Commemoration at Groesbeek

July 30, 2012 by Sharon Adams

Last week a contingent of 225 members of the Canadian Forces pause during a 40-kilometre march to pay their respects to the fallen at Groesbeek Canadian War Cemetery near Nijmegen, Netherlands. With them were VIPs, including the U.S. ambassador to Canada, MP Randy Hoback, the senior U.S. military attaché to Canada, and representatives of Veterans Affairs Canada, The Royal Canadian Legion and Logistik Unicorp.

Buried there are 2,338 Canadian soldiers and airmen who died liberating the Netherlands in 1944 and 1945. Allied  Forces entered the Netherlands in September 1944, and cleared and secured the ports and coastline.  Many of those in this cemetery were casualties of the Battle of the Rhineland, where the 2nd and 3rd Canadian infantry divisions and the 4th Canadian Armoured Division cleared the territory between the Maas and the Rhine in February and March 1945.

The cemetery also contains a memorial commemorating  more than 1,000 Commonwealth forces who died  from August 1944 to the end of the war, and whose resting places are not known.

The Dutch carefully tend the Canadian graves, a task handed down from father to son and mother to daughter through the decades.  They have been forever grateful for their liberation, after the Hunger Winter, when the Germans had stripped the country of food and fuel and thousands of men, women and children died of hunger and cold.

During a trip to the Netherlands commemorating the 65th anniversary of the liberation, I heard many stories of the hardships and of the relief brought by Canadian troops.  Some described the experience as surreal—one minute thinking they were going to starve to death, the next watching Canadian troops donning skates for impromptu hockey games, with the distant sound of battle still to be heard. There were also stories of Canadians breaking the rules to share their rations. One grandfather told me how as a young man he was so weak from starvation, knowing he was at most days from death, that he could not rise from his bed to go to the window to watch the Canadian troops coming into town.
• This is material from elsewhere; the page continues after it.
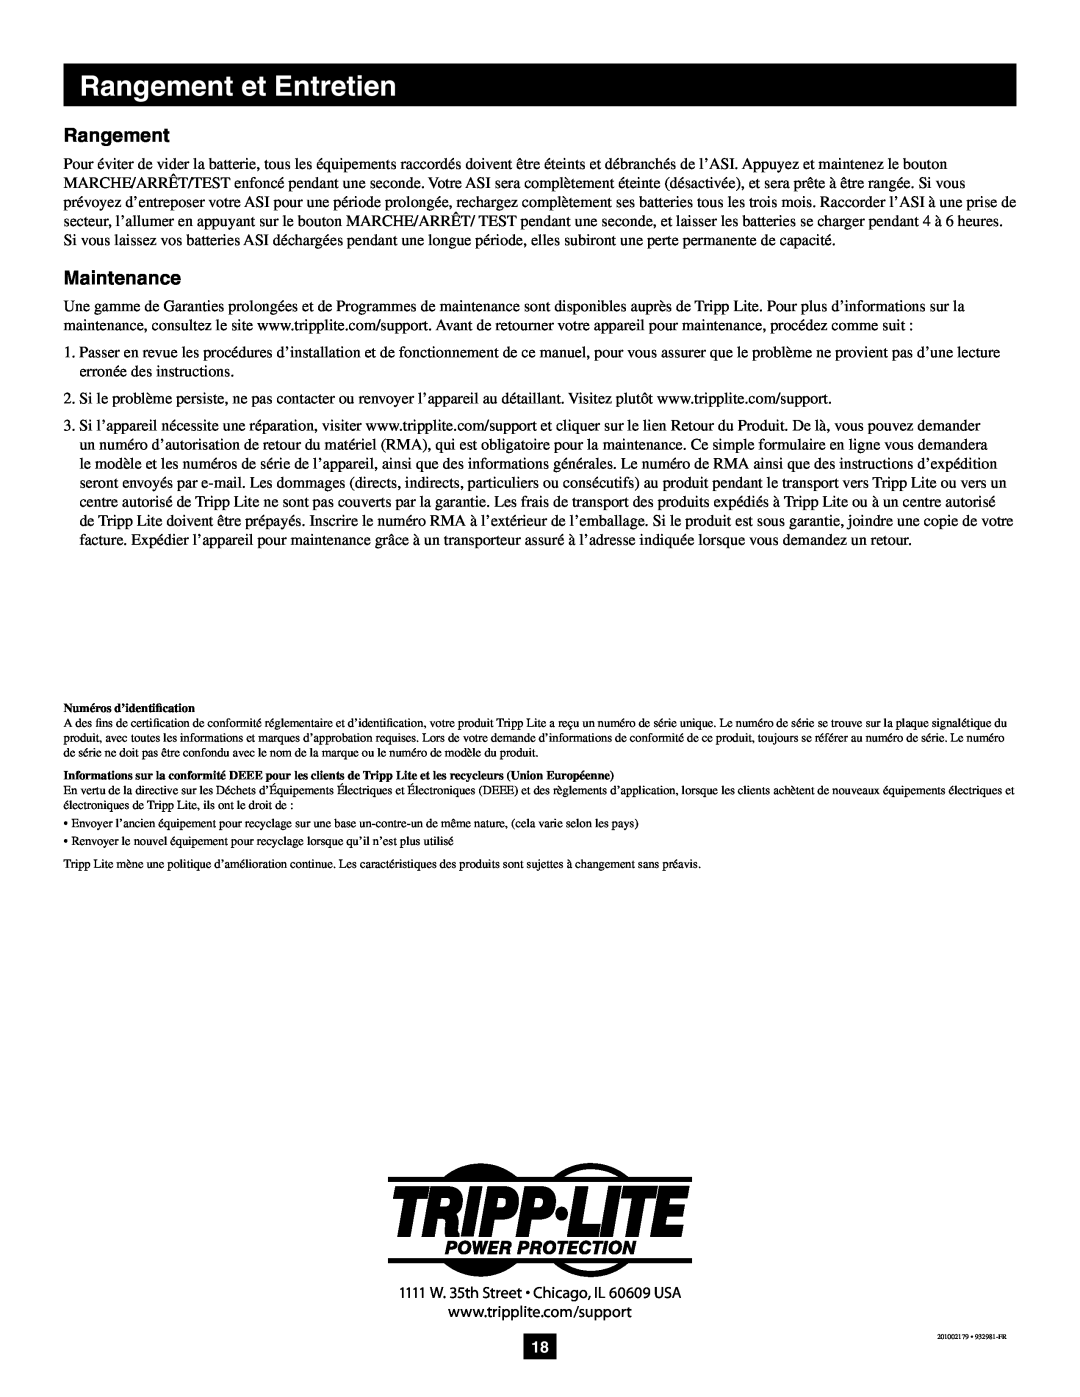 Tripp Lite AVRX750U, AVRX550U owner manual Rangement et Entretien, Maintenance 
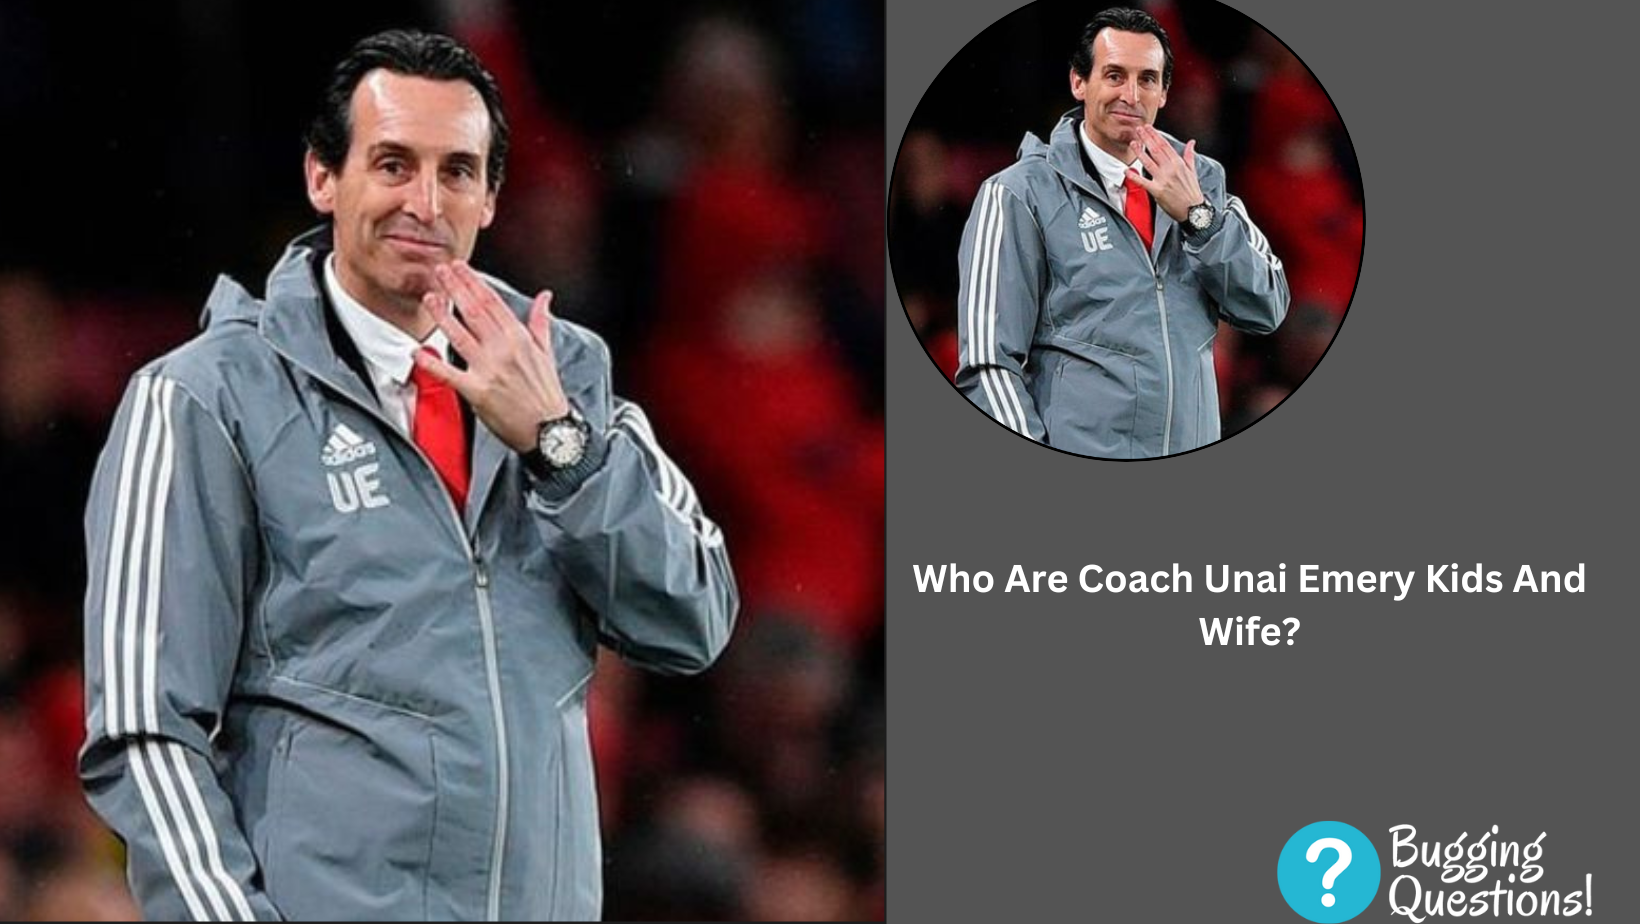 Who Are Coach Unai Emery Kids And Wife?

I interviewed Canadians who were part of the liberation force, young men forever scarred by their battle experiences against an enemy told to hold positions at any cost.  In Zutphen, a sniper, a teenaged member of the Hitler Youth, took this order so seriously, he refused to come down from a tower, even when told it would be set afire. One Canadian soldier, then 18 years old, was detailed to search through the basements of the town for enemy soldiers; he found no soldiers, but did find bodies of mothers, their arms wrapped around their children, victims of the retreat, and a memory that has plagued his dreams for more than 65 years.